Scientists and engineers sometimes attribute this saying to Albert Einstein:
If we knew what we were doing, we wouldn't call it research.
It can be modified to:
If we knew where we were going, we wouldn't call it exploration.
A similar idea:
I'm not lost. I'm exploring.
Robert Heinlein's fictional character D.D. Harriman was "The Man Who Sold the Moon". Part of his sales pitch was:
Don’t ask me what we’ll make a profit on; I can’t itemize the assets — but I can lump them. The assets are a planet—a whole planet that’s never been touched.
Or consider John Kennedy's dare to put a man on the moon:
But why, some say, the moon? Why choose this as our goal? And they may well ask why climb the highest mountain? Why, 35 years ago, fly the Atlantic? Why does Rice play Texas?

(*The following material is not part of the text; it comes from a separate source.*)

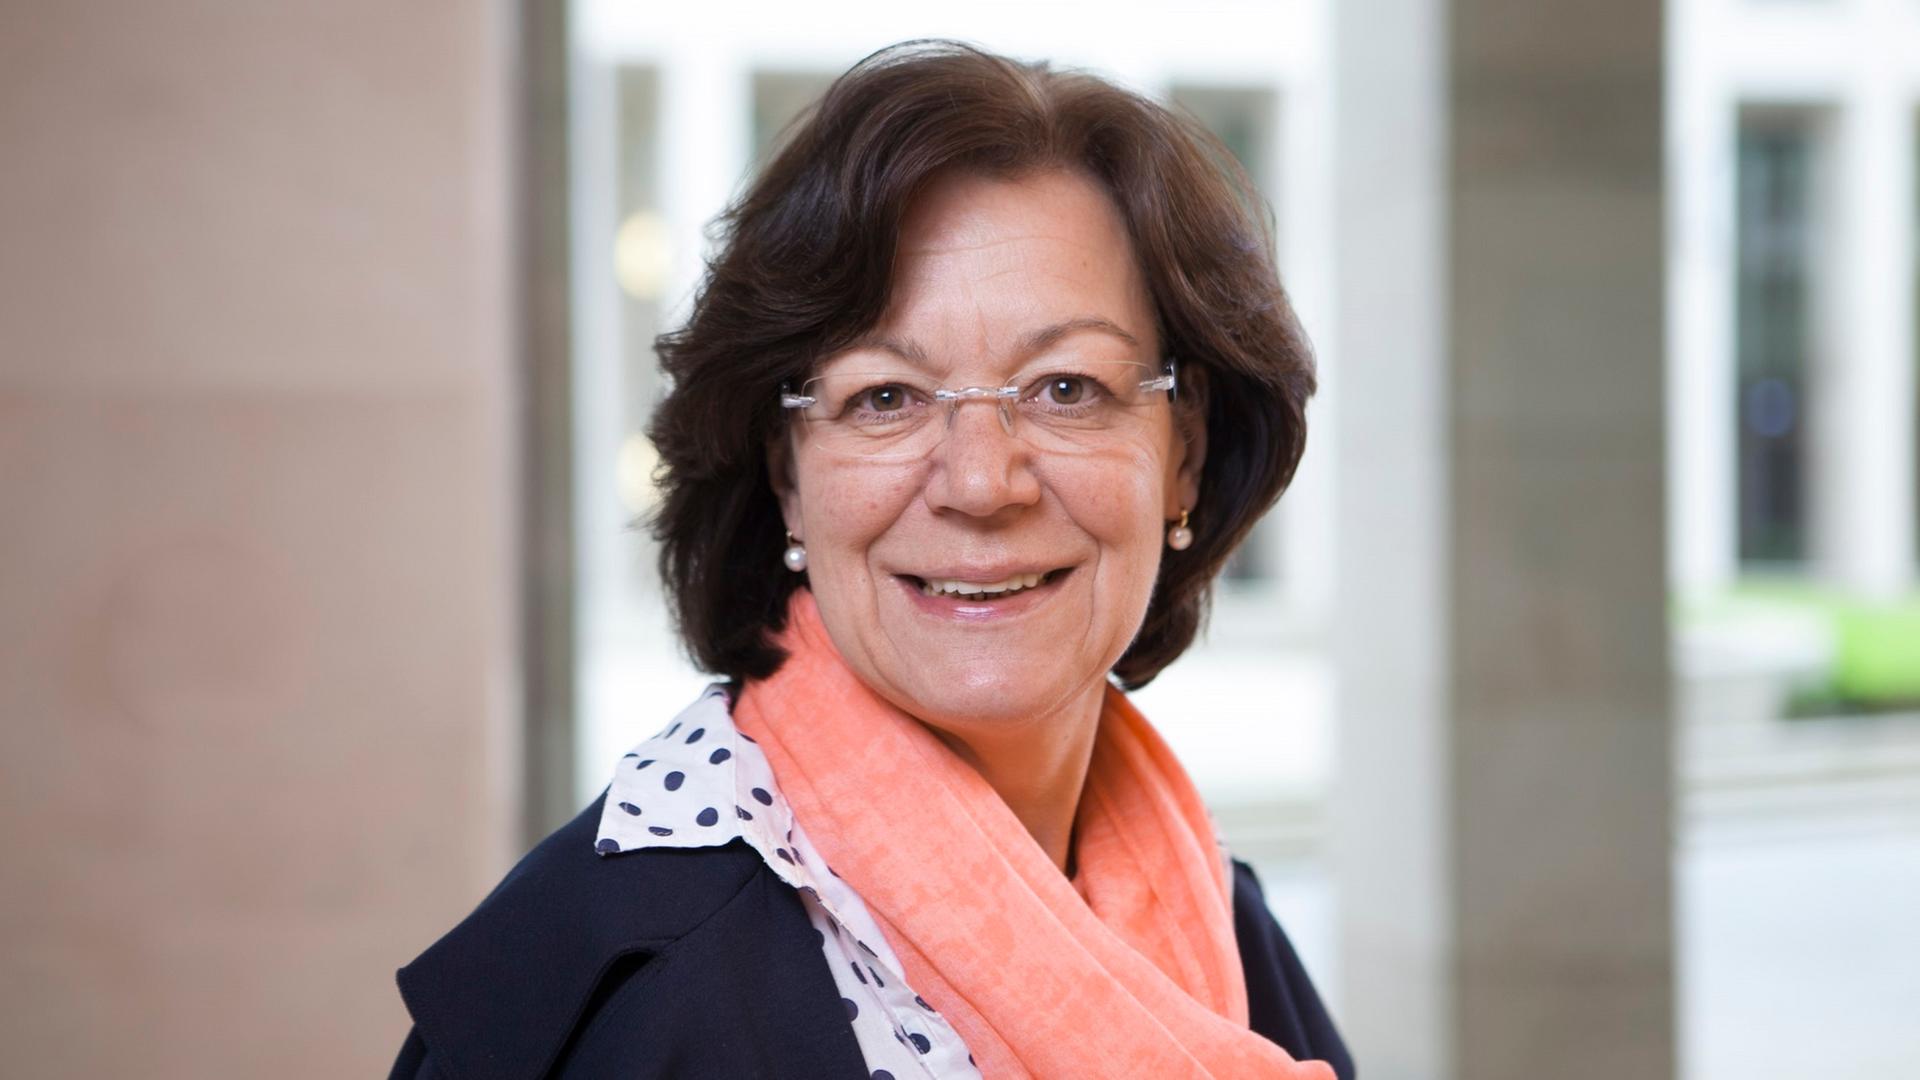 Porträt von Margret Schaaf, Vorsitzende des Bundesverbands Leselernhelfer. Sie hat braune, schulterlange Haare, trägt eine randlose Brille und lächelt in die Kamera.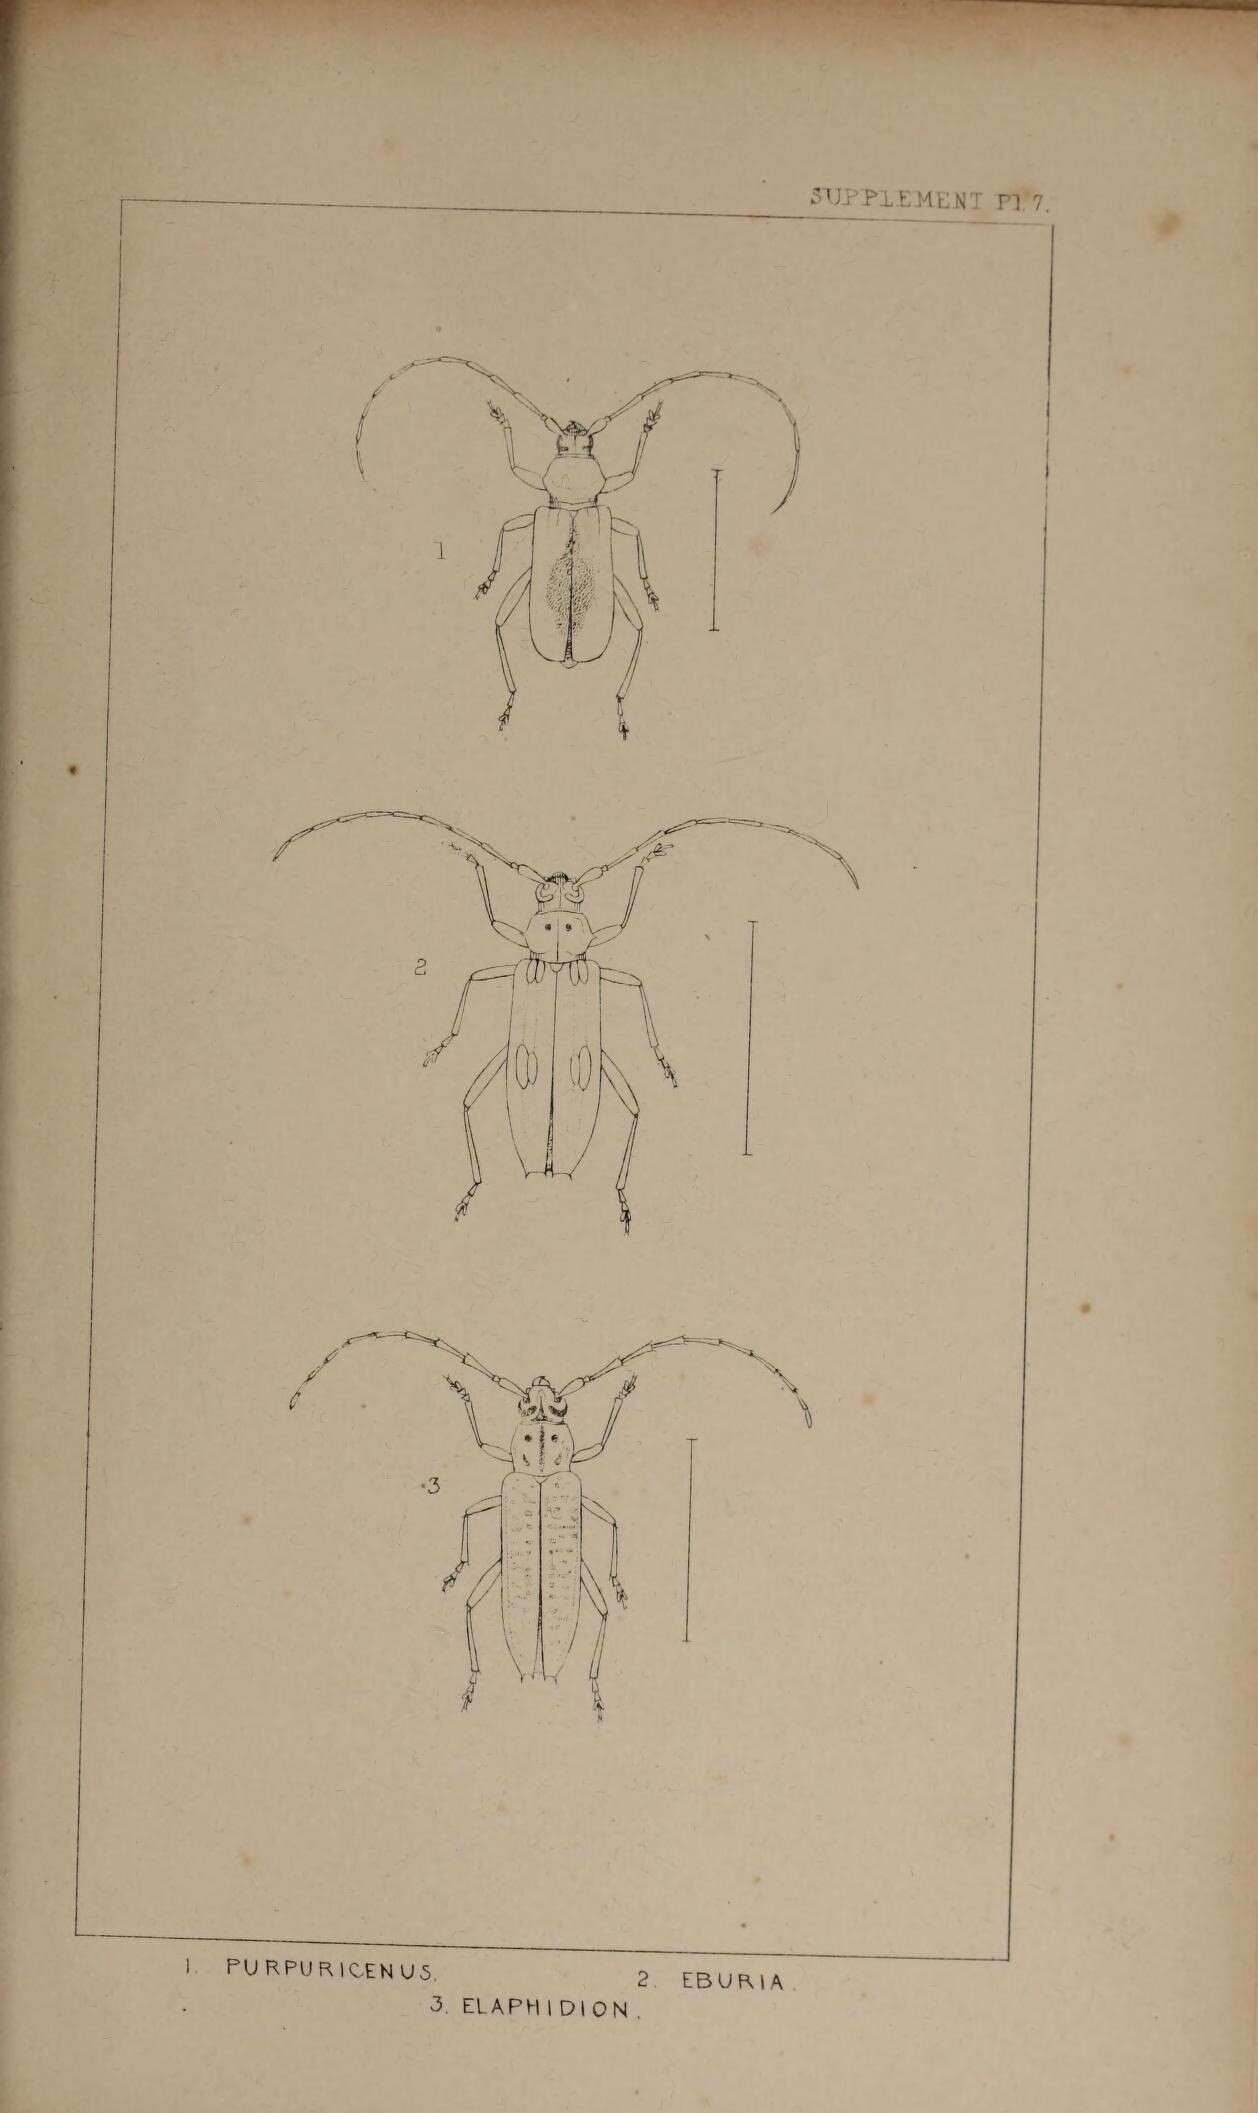 Image of Purpuricenus kaehleri (Linné 1758)

We choose to go to the moon. We choose to go to the moon in this decade and do the other things, not because they are easy, but because they are hard, because that goal will serve to organize and measure the best of our energies and skills, because that challenge is one that we are willing to accept, one we are unwilling to postpone, and one which we intend to win. And the others, too.
(Kennedy was a native speaker of English. But his Boston accent is not an accent that most English learners try to emulate.)
Also consider the introduction to Star Trek:
Space: The Final Frontier. These are the voyages of the Starship Enterprise. Its five-year mission: To explore strange new worlds. To seek out new life and new civilizations. To boldly go where no man has gone before!